Collected data –
※ ※ ※

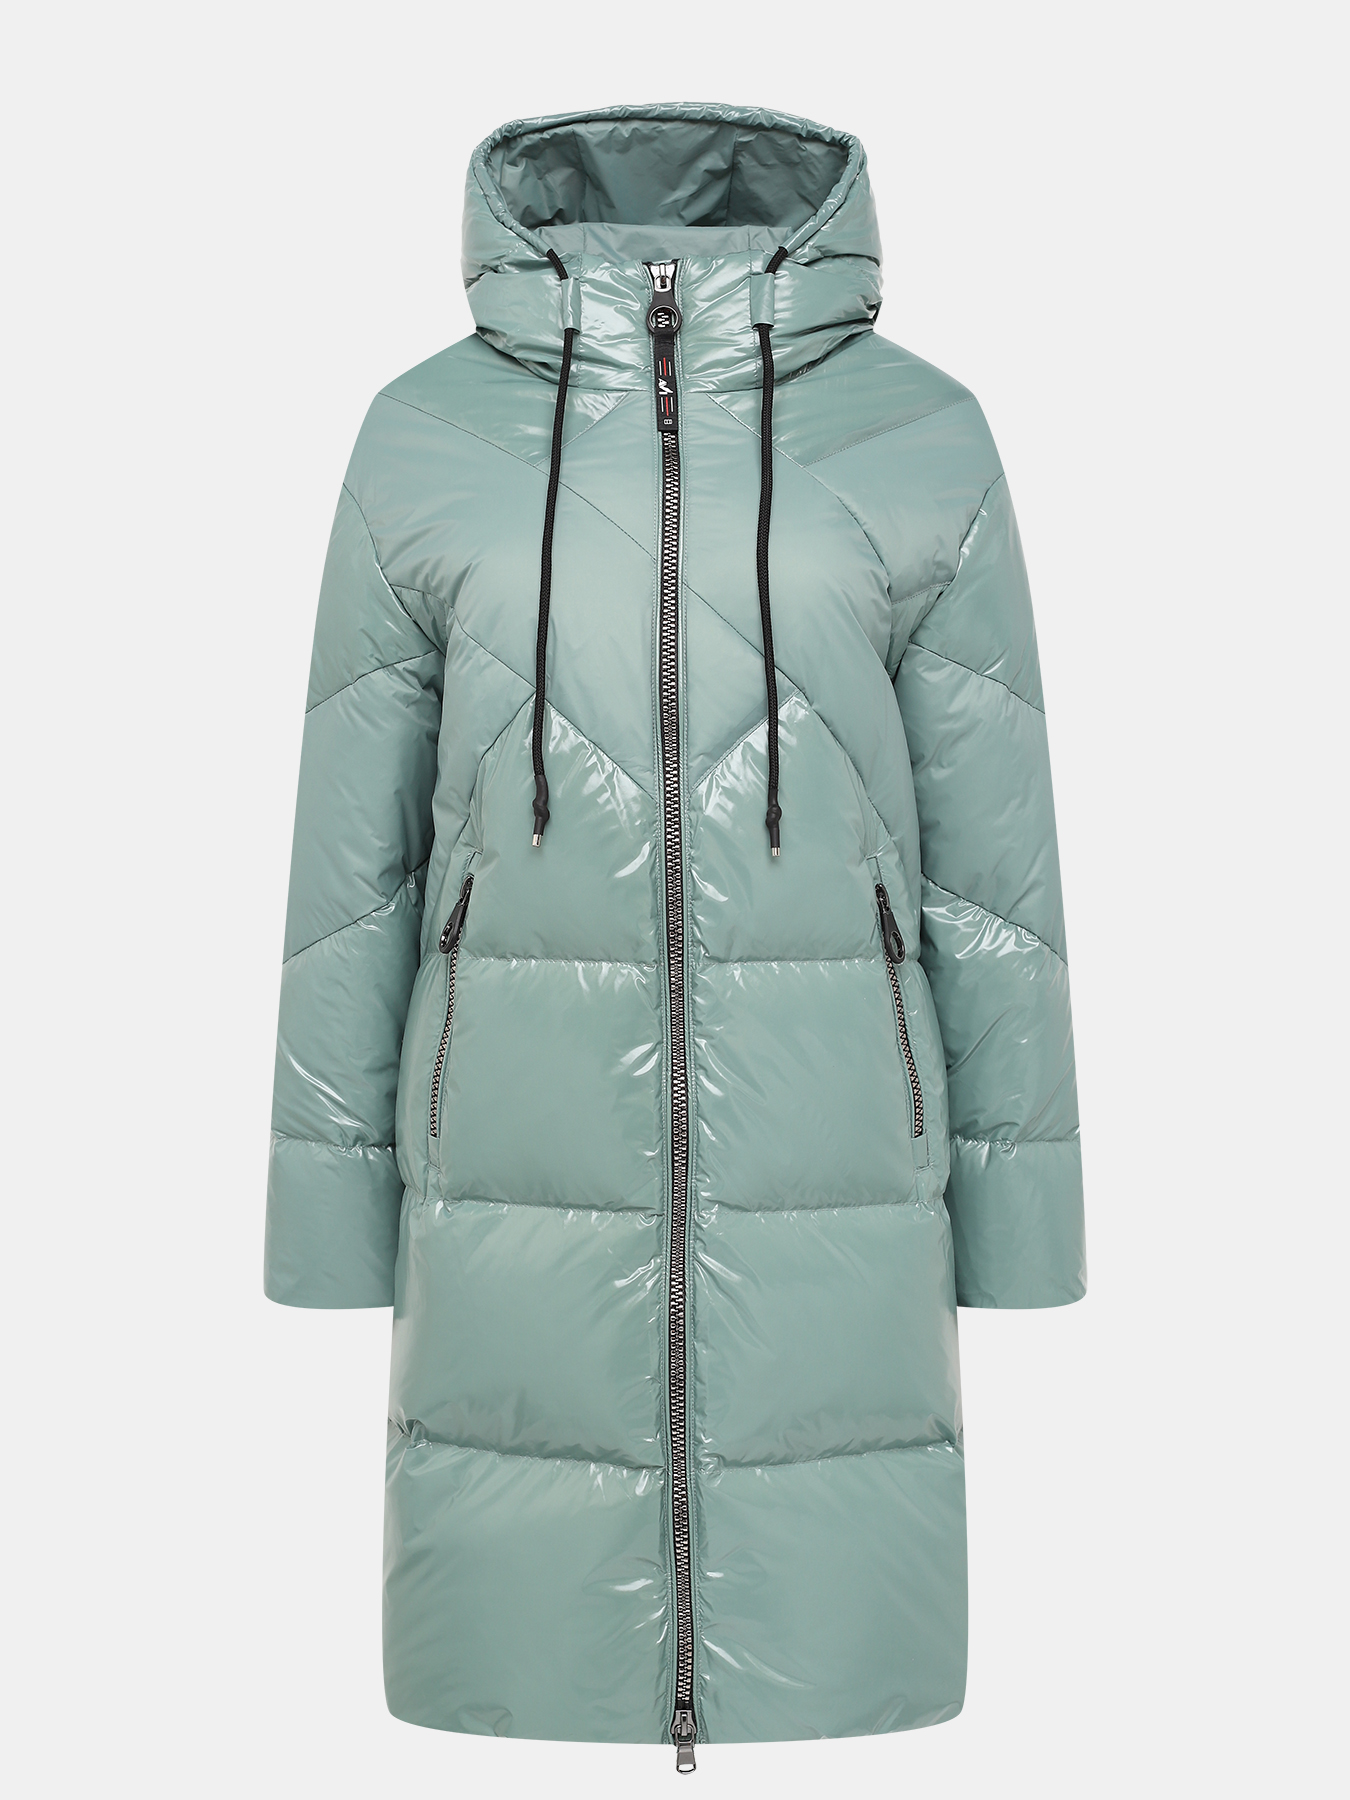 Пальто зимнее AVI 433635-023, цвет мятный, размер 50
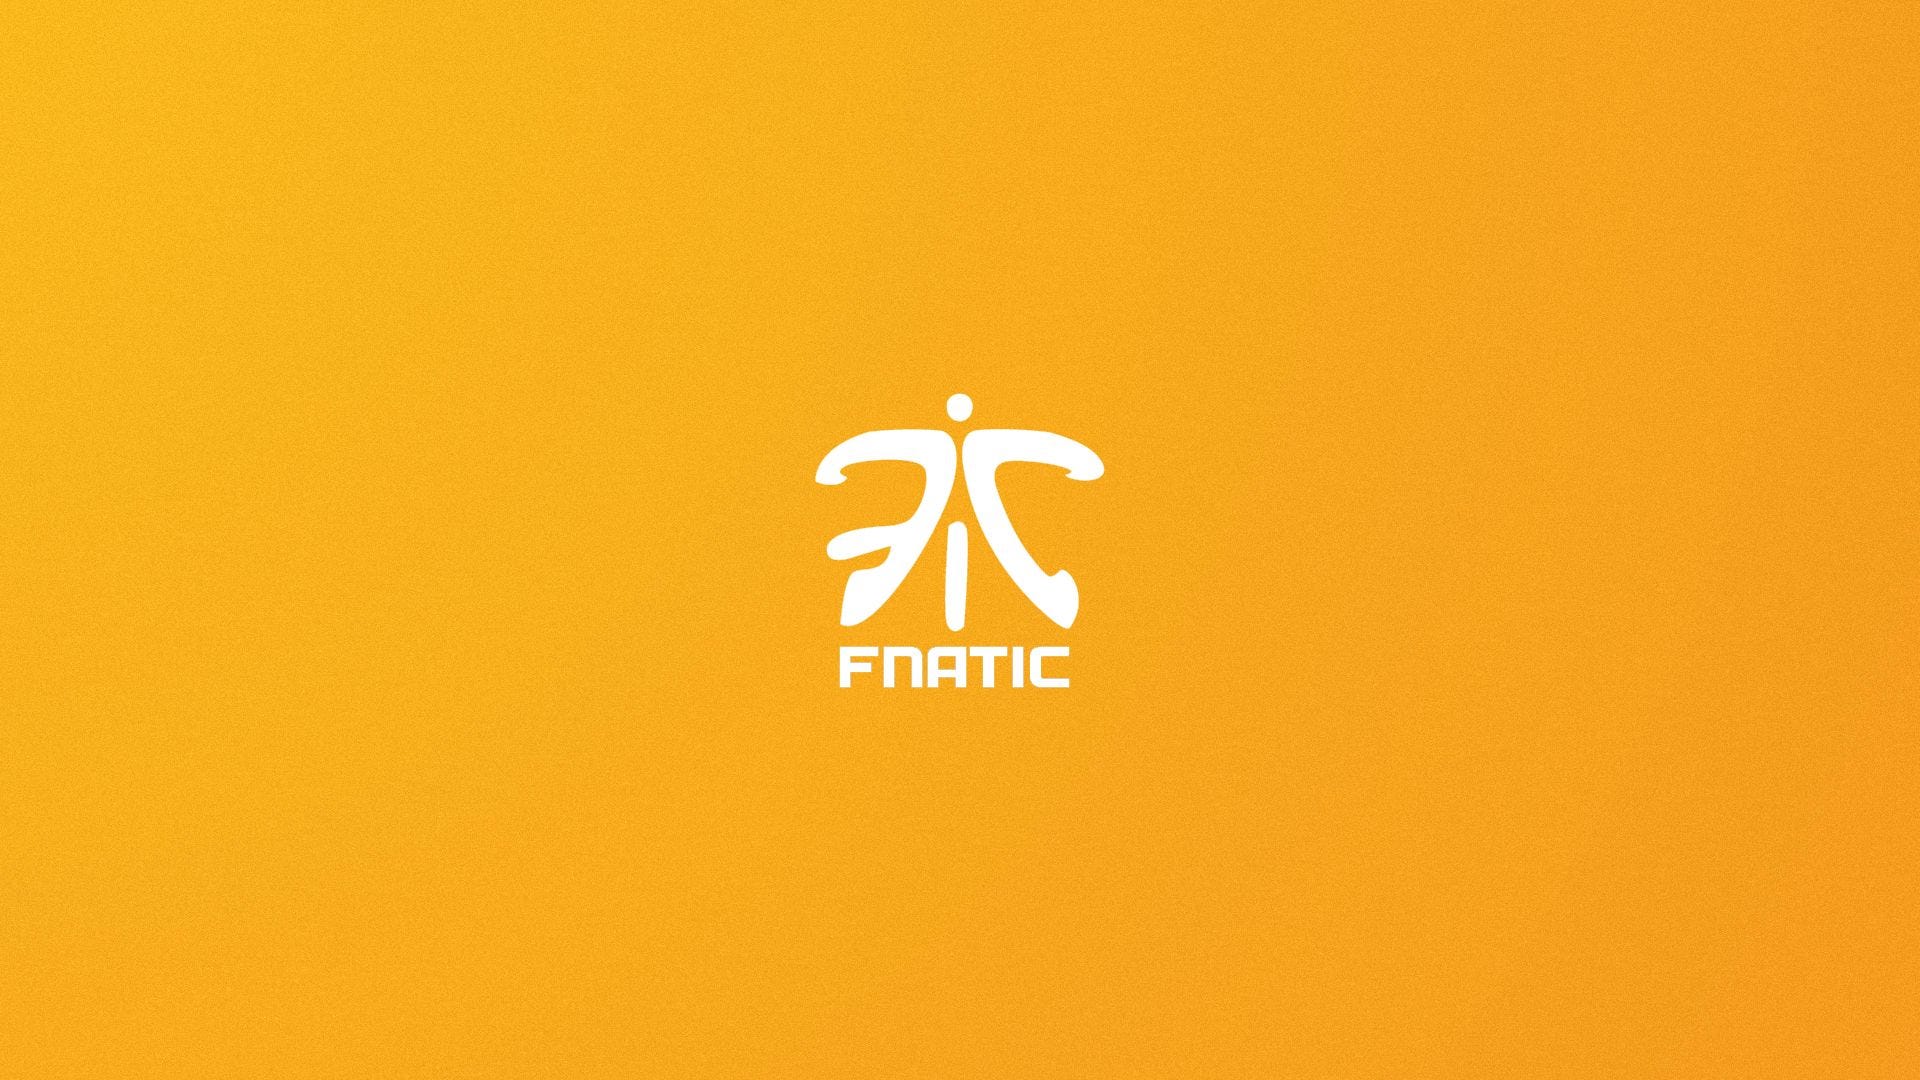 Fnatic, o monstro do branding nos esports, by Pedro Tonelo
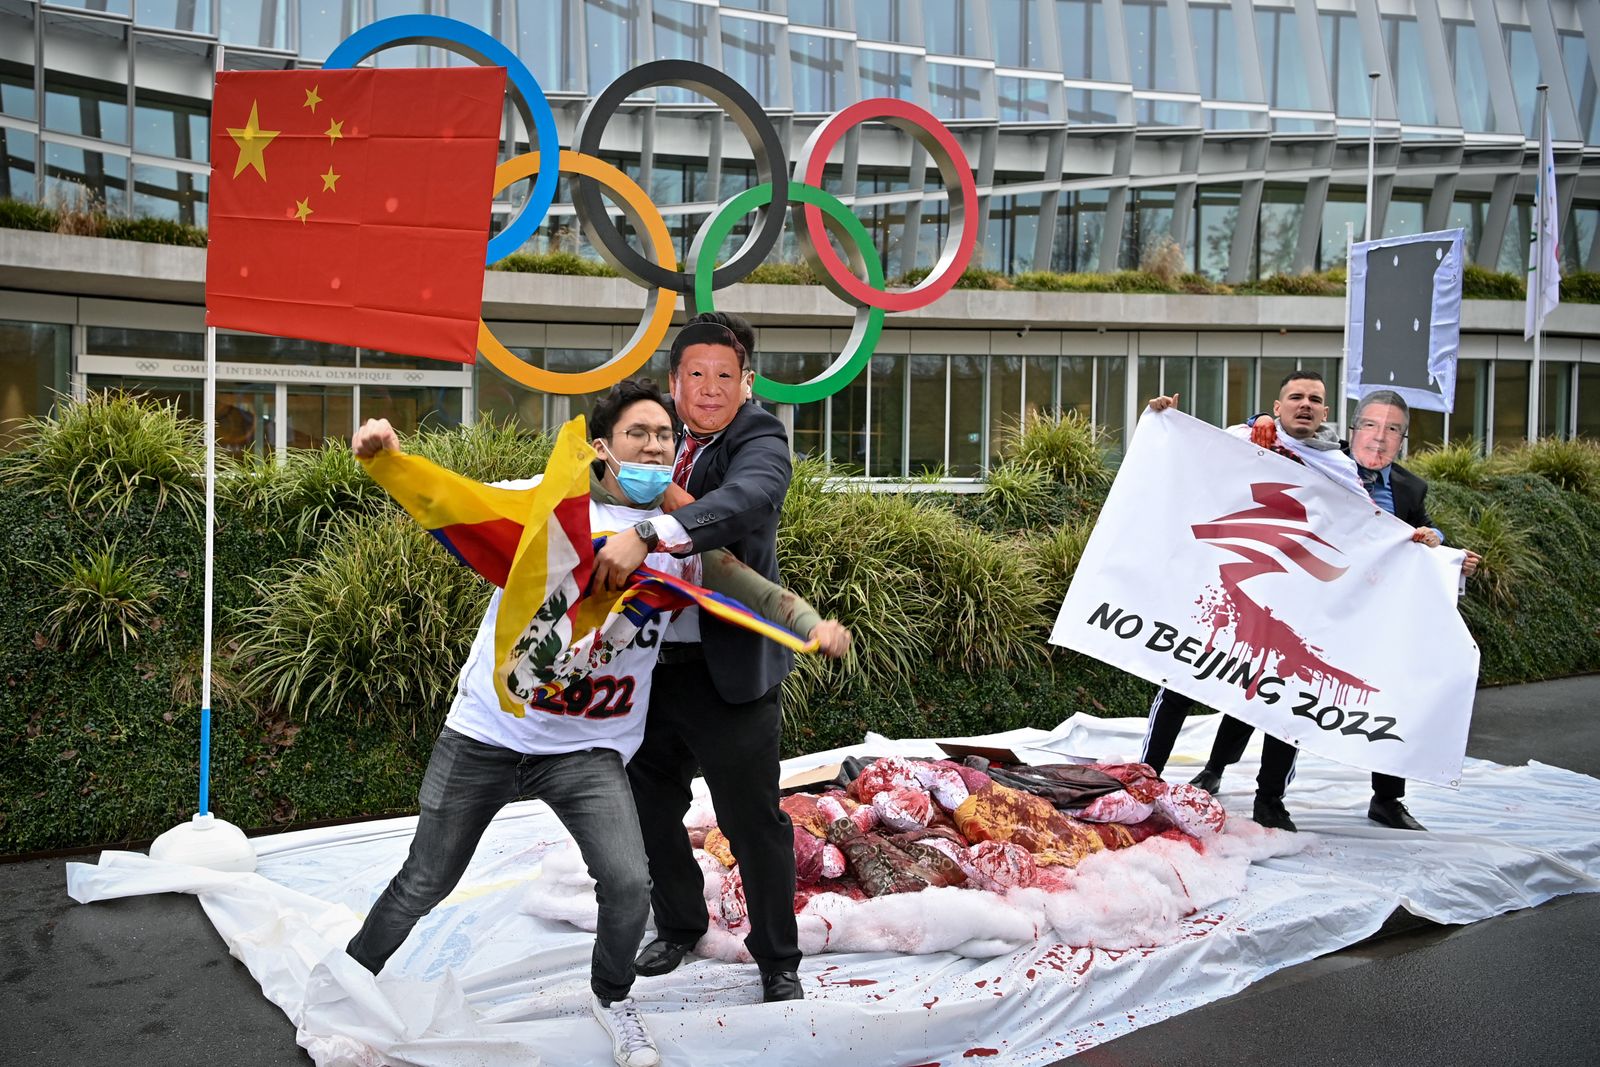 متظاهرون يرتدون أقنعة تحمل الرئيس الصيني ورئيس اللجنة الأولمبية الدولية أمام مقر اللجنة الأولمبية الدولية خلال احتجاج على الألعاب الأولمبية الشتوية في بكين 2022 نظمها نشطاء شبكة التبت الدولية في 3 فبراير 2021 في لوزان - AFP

※ ※ ※

What you should do – The answer should be an exact copy of the material, with its pictures removed.

Response to the exercise –
 Пальто зимнее AVI 433635-023, цвет мятный, размер 50
 Fnatic, o monstro do branding nos esports, by Pedro Tonelo
 متظاهرون يرتدون أقنعة تحمل الرئيس الصيني ورئيس اللجنة الأولمبية الدولية أمام مقر اللجنة الأولمبية الدولية خلال احتجاج على الألعاب الأولمبية الشتوية في بكين 2022 نظمها نشطاء شبكة التبت الدولية في 3 فبراير 2021 في لوزان - AFP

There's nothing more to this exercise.